In this case study, we will use the daily cases of COVID-19 in Washtenaw,MI, from December 1st, 2021 to April 6th, 2022 to understand the transmission dynamics of COVID-19. We choose a certain county because policies in different places vary and Washtenaw is where we live in. The starting time point is based on the report from CDC (“Firstcase” 2021). We will carry out the analysis by ARMA and POMP, then we will compare the results and make conclusions.
The daily confirmed cases of COVID-19 in Washtenaw,MI was obtained from the website of Michigan.gov. Below is the plot of COVID-19 cases from 2020-03-01 to 2022-04-06. We could see at the beginning, it was not serious. From about time 25 in the plot, its cases increase suddenly. At about time 35, it reached its peak. After time 50, situations become better and better. Now the cases are even lower than the beginning.
From the ACF plot of the original reported confirmed COVID-19 cases, we can see that the data is very correlated, with very high autocorrelation. Because of this, taking the differenced data will help in terms of having stationarity in the data. As seen from the plot below, the differenced data of the number of reported cases seem more stationary compared to the original dataset. Further, although there are some high correlation in several lags, like at lag 7 and 14, it is still an improvement compared to the ACF of the original data. The lag at 7 indicates that our data may contain seasonality.
In the previous ACF plot of the differenced data, it can be observed that there may be some seasonality that exists in the reported confirmed cases of COVID-19, since there is high correlation at lag 7 and lag 14. This may suggest some form of weekly seasonality. To further confirm this observation, a spectral density plot is plotted below. The spectral density plot agrees that there exist a seasonality pattern in the data, with an approximately seven days(1/0.13) period.
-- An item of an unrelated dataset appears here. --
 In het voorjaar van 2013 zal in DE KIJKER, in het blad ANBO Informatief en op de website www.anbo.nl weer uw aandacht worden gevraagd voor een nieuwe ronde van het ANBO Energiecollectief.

Since we’ve seen that seasonality exists in the data, and that we are fitting over the differenced data, we will fit an SARIMA(p,1,q) model with a weekly period, with the equation \[\phi(B)Φ(B^{7})(1−B)^1(1−B^{7})^DY_n−\mu= \psi(B)Ψ(B^{7})\epsilon_n\] where \({\epsilon_n}\) is a white noise process, \(\mu\) is the mean of the differenced process \((1-B)^1(1-B^{7})\), and as stated in Lecture Notes Chapter 6.
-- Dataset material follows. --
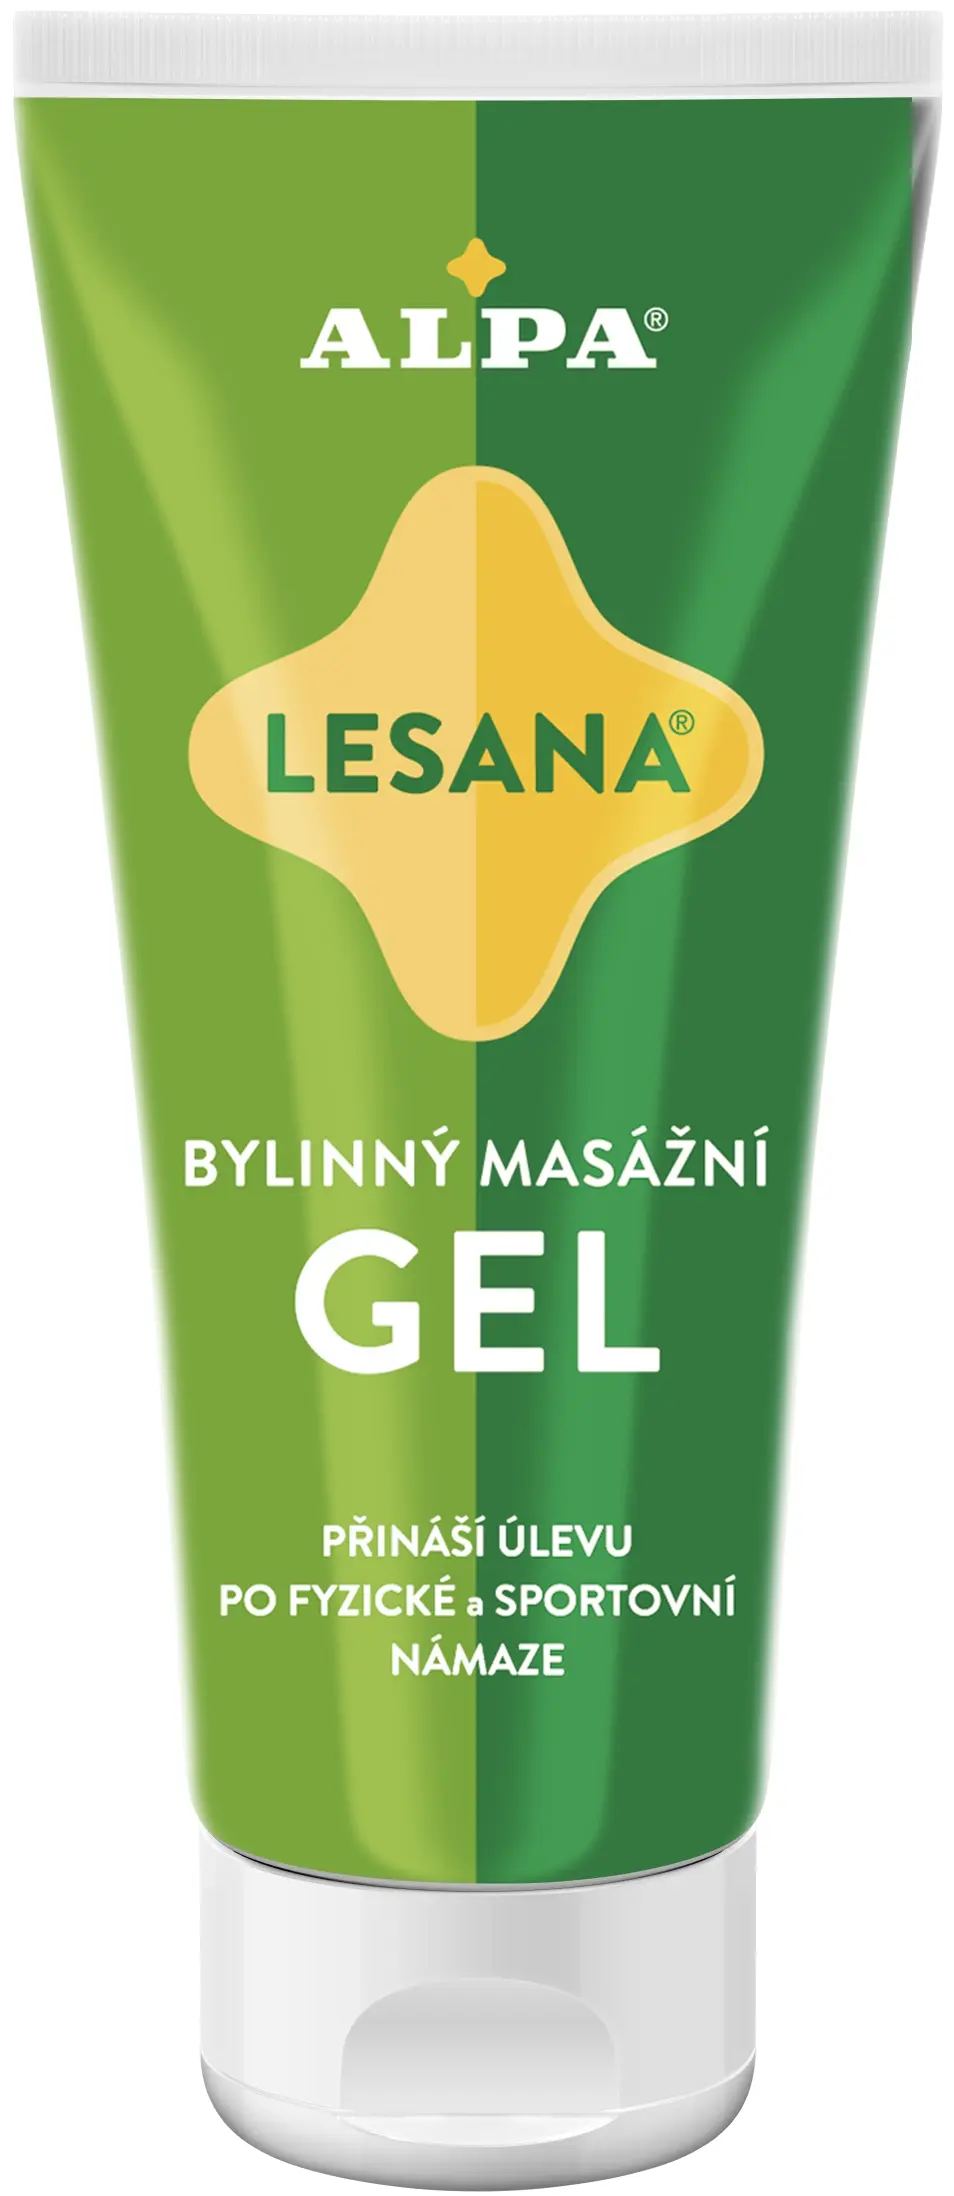 Alpa bylinný masážní gel Lesana 100 ml

We then proceed to model selection by finding the AIC values for various possible values or p and q for the SARIMA(p,1,q). The values are presented in the table as below.
## MA0 MA1 MA2 MA3 MA4
## AR0 1437.999 1438.916 1429.261 1429.829 1431.339
## AR1 1439.484 1432.121 1430.224 1430.817 1432.807
## AR2 1433.903 1429.340 1420.611 1432.805 1423.163
## AR3 1433.136 1431.151 1433.100 1423.598 1424.586
Using the AIC report above, the model SARIMA(2,1,2) has the lowest AIC value among all the SARIMA models. Thus, we will choose this model to fit the SARIMA model.
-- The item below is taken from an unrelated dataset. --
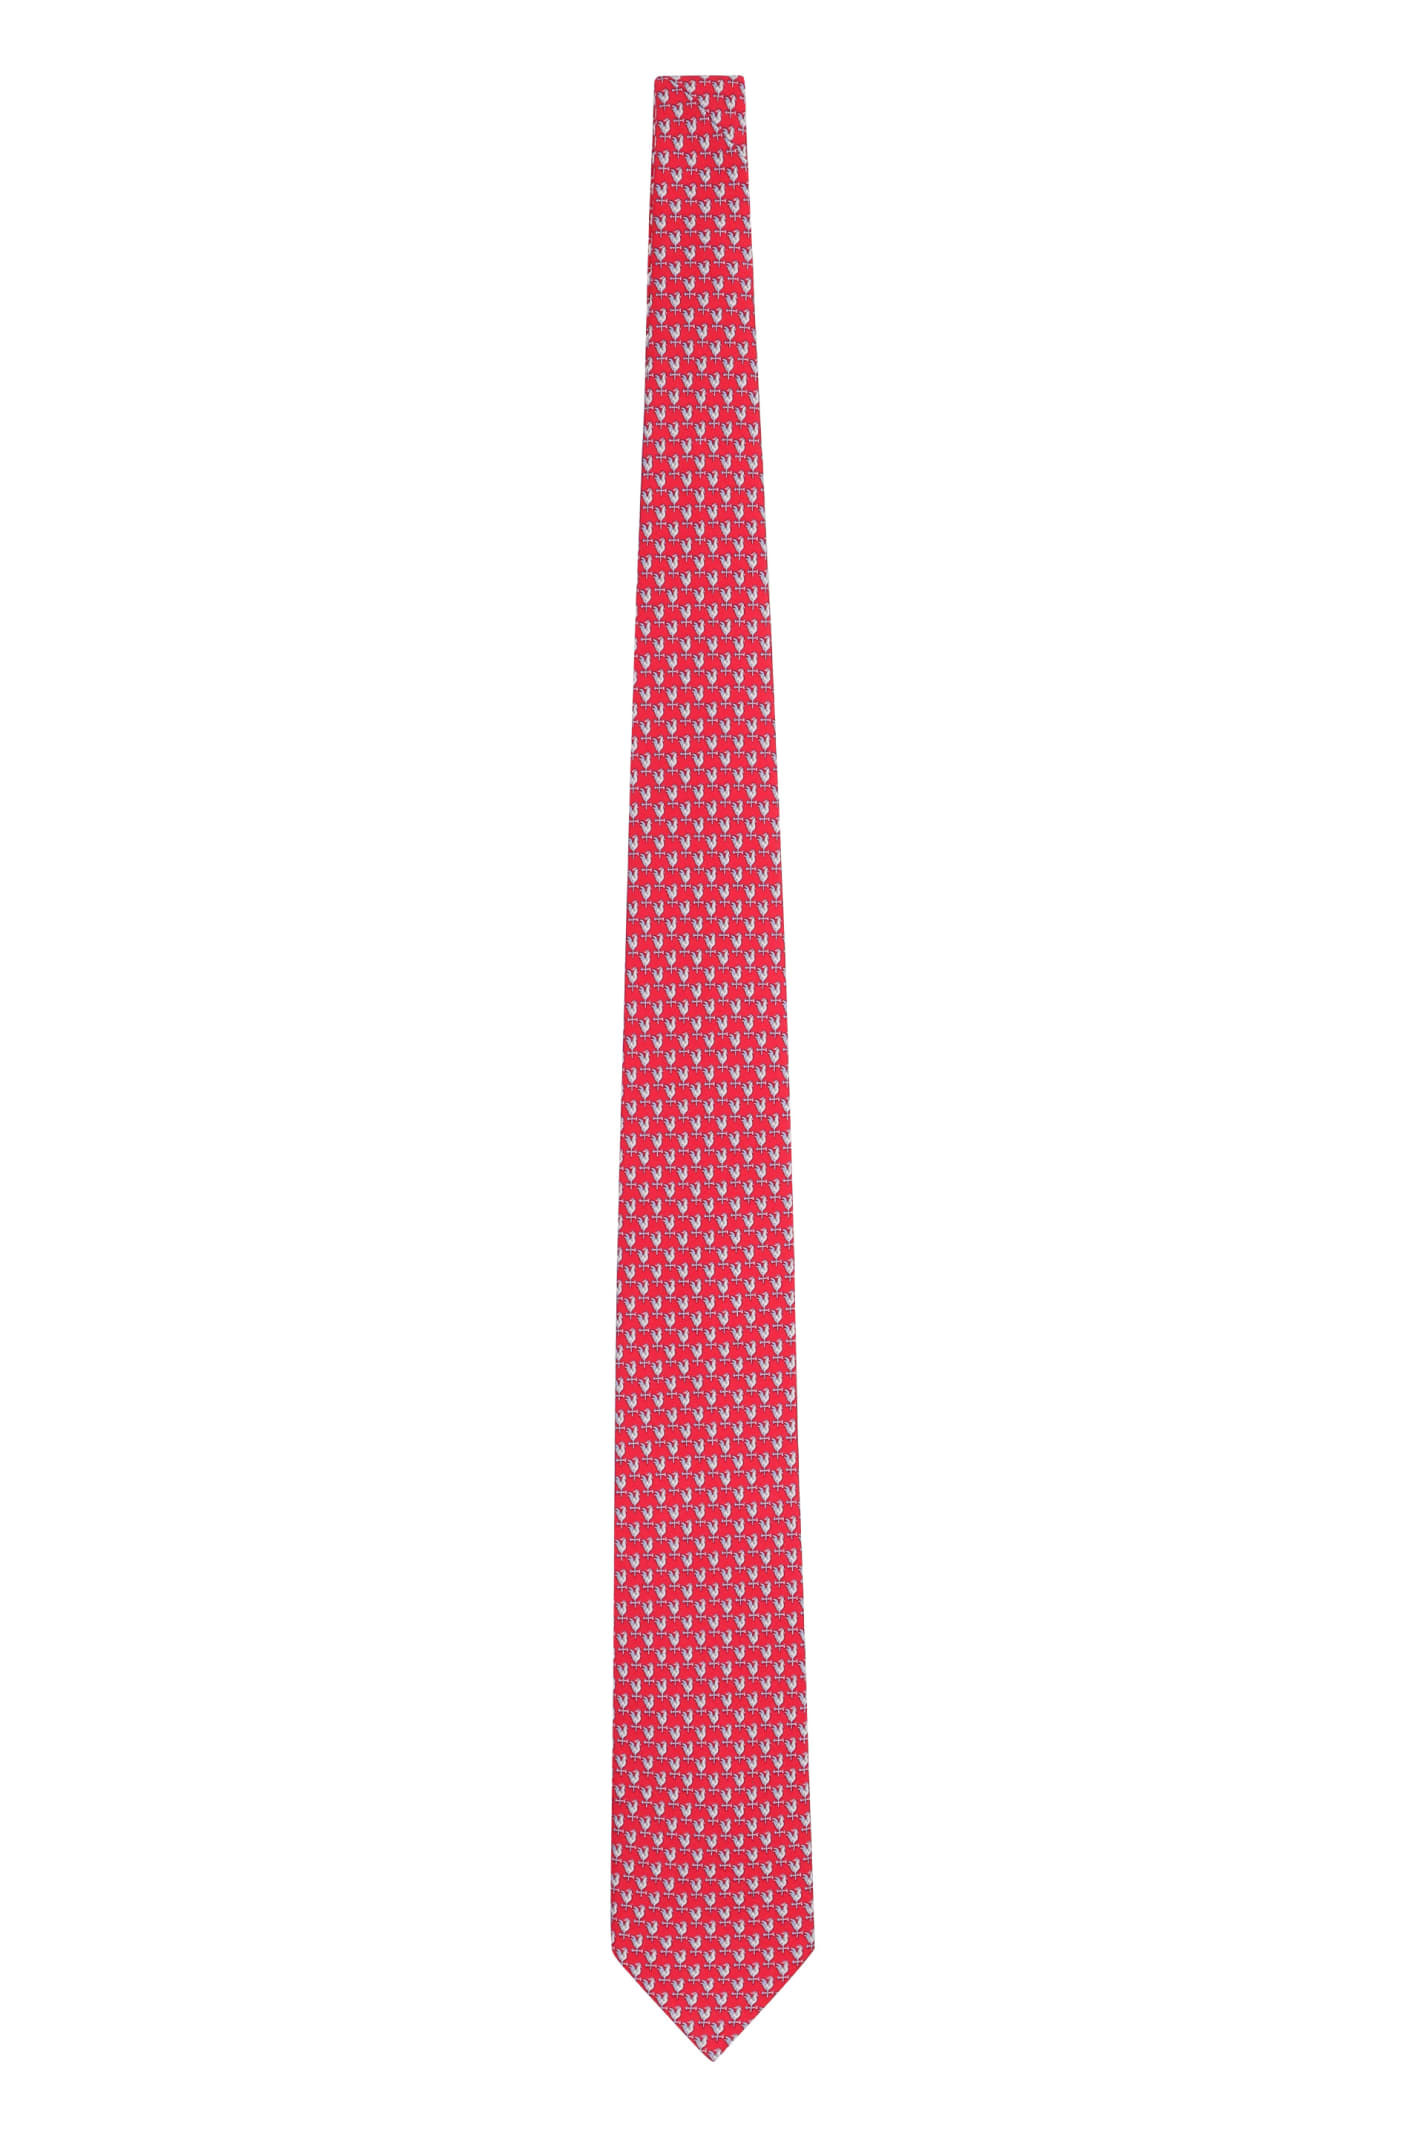 Ferragamo Printed Silk Tie In Red

As seen from the plot of the inverse roots of the SARIMA model above, we know that we have fitted a stationary casual model. Since all the inverse AR and MA roots are inside the unit circle, the model is therefore casual and stationary. Next, we use the residual plot and Q-Q plot to check how our model fits the data. The figures are shown below. We can see that the residuals remain large around the peaks, and the Q-Q plot indicates that the residuals do not follow normal distribution. Nevertheless, we have to admit that the data around the peaks are hard to fit and our SARIMA model generally performs well. To achieve better results, we will use POMP model.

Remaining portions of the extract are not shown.